From d15b46ae8f2014160a62558469dd974e7a90fc28 Mon Sep 17 00:00:00 2001
From: Artem Chumachenko <artek.chumak@gmail.com>
Date: Tue, 6 Feb 2024 13:59:44 +0400
Subject: [PATCH] Fix generation

---
 src/petals/models/mixtral/block.py | 15 ++++++++++++---
 src/petals/models/mixtral/model.py |  6 +++++-
 2 files changed, 17 insertions(+), 4 deletions(-)

diff --git a/src/petals/models/mixtral/block.py b/src/petals/models/mixtral/block.py
index 7afd5ddd0..67eebce6a 100644
--- a/src/petals/models/mixtral/block.py
+++ b/src/petals/models/mixtral/block.py
@@ -26,7 +26,6 @@ def forward(
         use_cache: bool = False,
         **kwargs
     ):
-        print(self.layer_idx)
         batch_size, seq_length, _ = hidden_states.shape
 
         seq_length_with_past = seq_length
@@ -37,7 +36,6 @@ def forward(
             past_key_values_length = past_key_value[0].shape[2]
             seq_length_with_past = seq_length_with_past + past_key_values_length
             _past_key_value = self._reorder_cache_from_bloom(past_key_value, batch_size, past_key_values_length)
-            print(_past_key_value)
             # TODO: remove DynamicCache
             past_key_value = DynamicCache()

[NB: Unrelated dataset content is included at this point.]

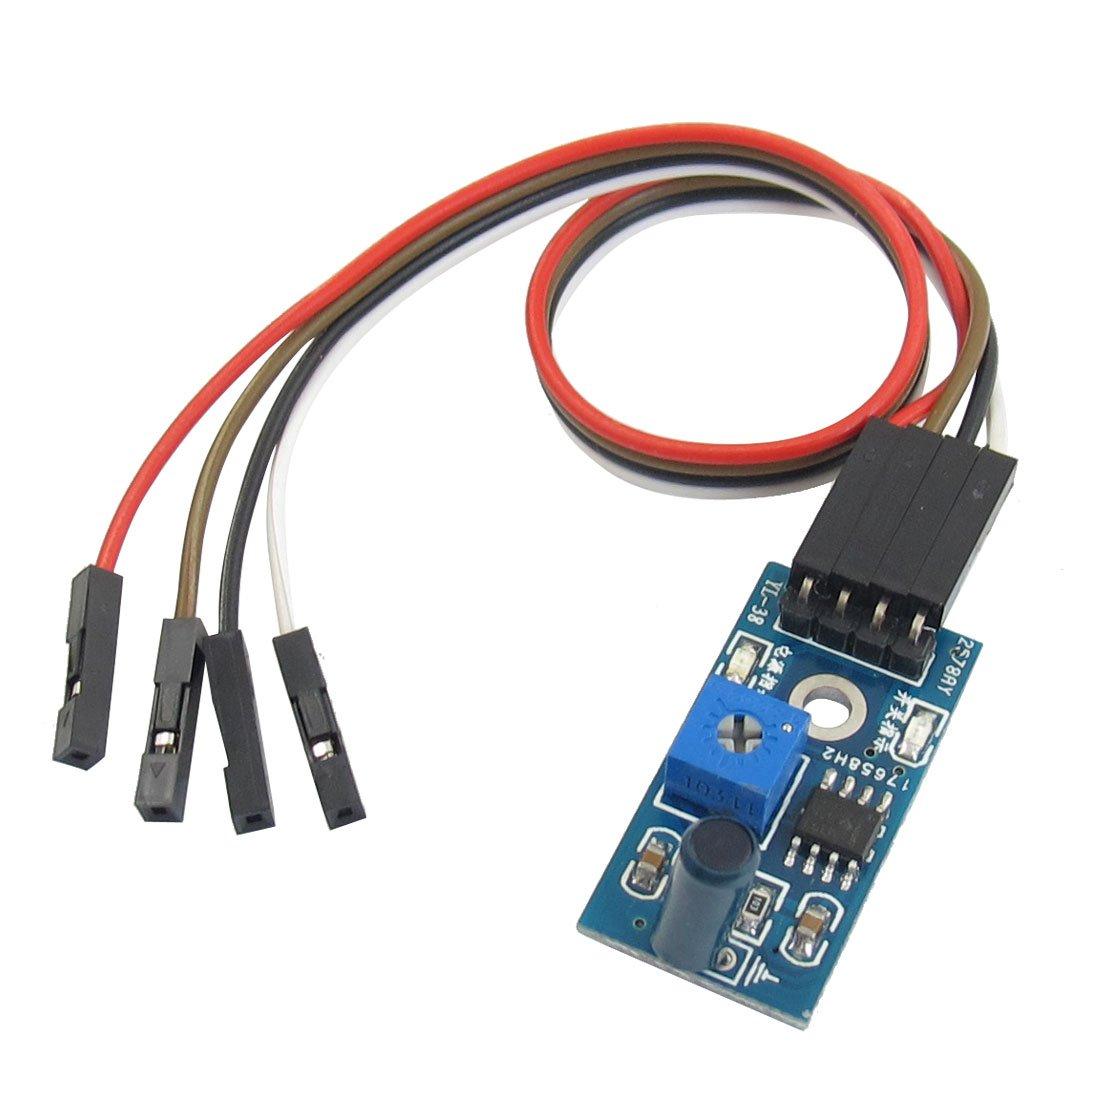 Uxcell 1-Channel 4 Pins Vibration Sensor Module for Intelligent Car 3.3-5V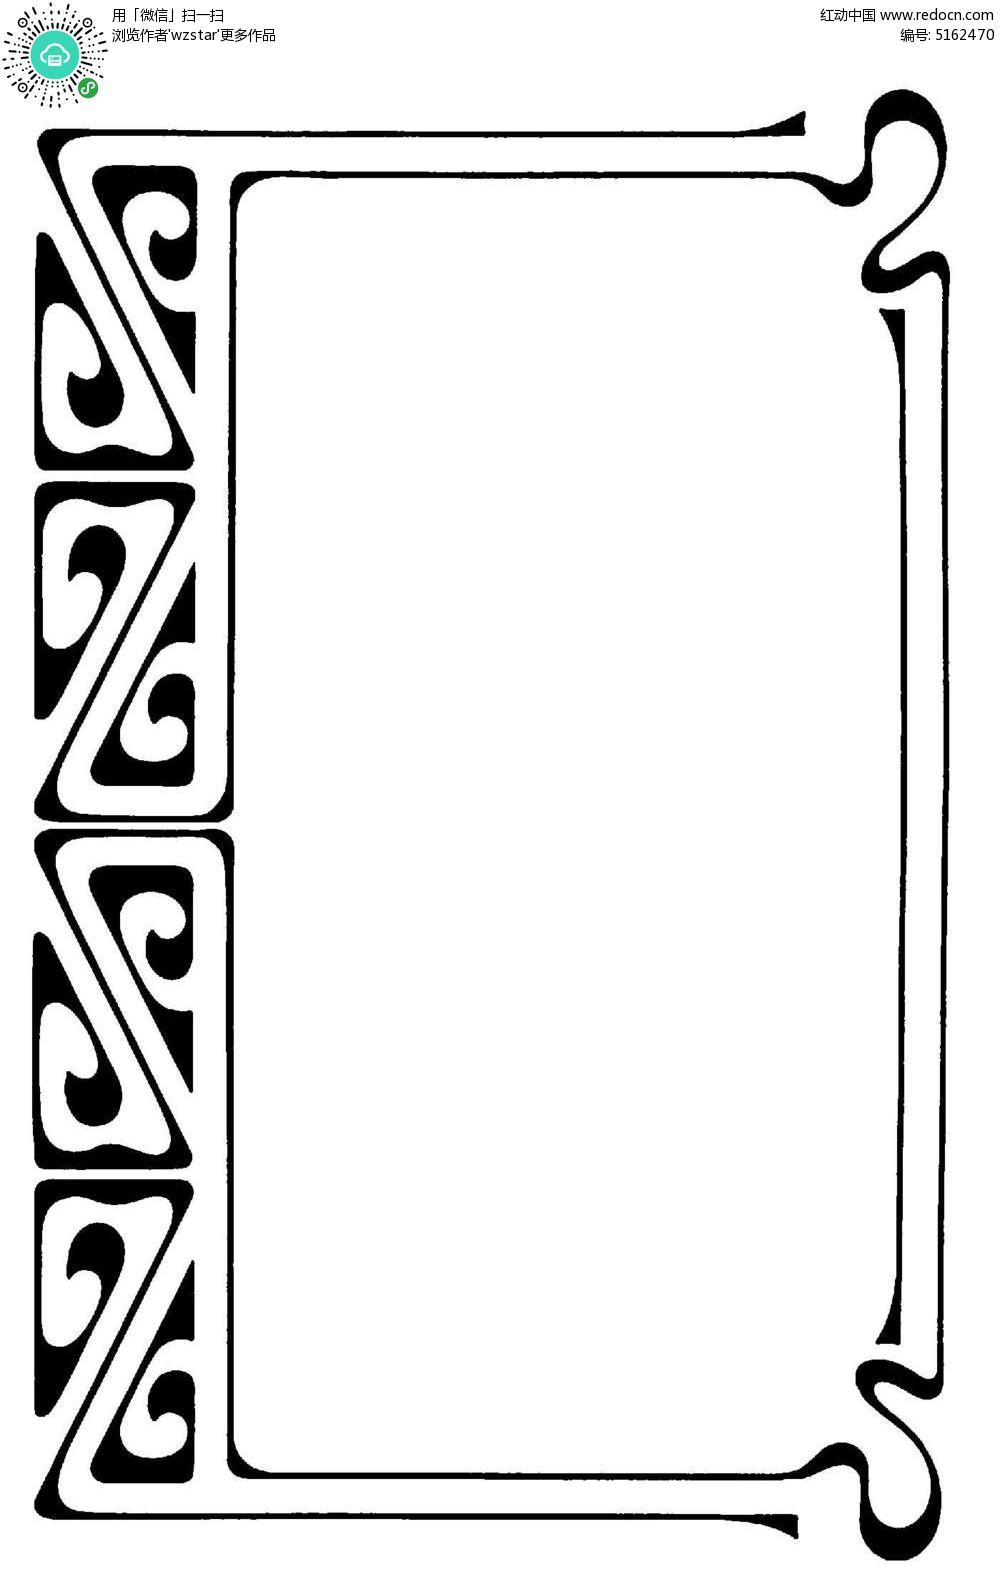 ppt 背景 背景图片 边框 模板 设计 相框 1000_1567 竖版 竖屏

             for idx in range(self.layer_idx):
@@ -73,8 +71,19 @@ def forward(
                 sliding_window=self.sliding_window,
             )
 
+        position_ids = torch.arange(
+            past_key_values_length, seq_length + past_key_values_length, dtype=torch.long, device=hidden_states.device
+        )
+        position_ids = position_ids.unsqueeze(0).view(-1, seq_length)
+
         outputs = super().forward(
-            hidden_states, *args, attention_mask=attention_mask, past_key_value=past_key_value, use_cache=use_cache, **kwargs
+            hidden_states,
+            *args,
+            attention_mask=attention_mask,
+            position_ids=position_ids,
+            past_key_value=past_key_value,
+            use_cache=use_cache,
+            **kwargs
         )
 
         if use_cache:
diff --git a/src/petals/models/mixtral/model.py b/src/petals/models/mixtral/model.py
index e1a1675c9..92571f0c9 100644
--- a/src/petals/models/mixtral/model.py
+++ b/src/petals/models/mixtral/model.py
@@ -94,6 +94,10 @@ def forward(
         hidden_states = inputs_embeds
         output_shape = input_shape + (hidden_states.size(-1),)
 
+        if past_key_values is None:
+            past_key_values = RemotePastKeyValues()
+        past_key_values.update_seen(hidden_states.size(1))
+
         hidden_states = self.layers(
             hidden_states,
             prompts=intermediate_prompts,
@@ -109,7 +113,7 @@ def forward(
         hidden_states = hidden_states.view(output_shape)
         return MoeModelOutputWithPast(
             last_hidden_state=hidden_states,
-            past_key_values=RemotePastKeyValues(),
+            past_key_values=past_key_values,
             hidden_states=None,
             attentions=None,
         )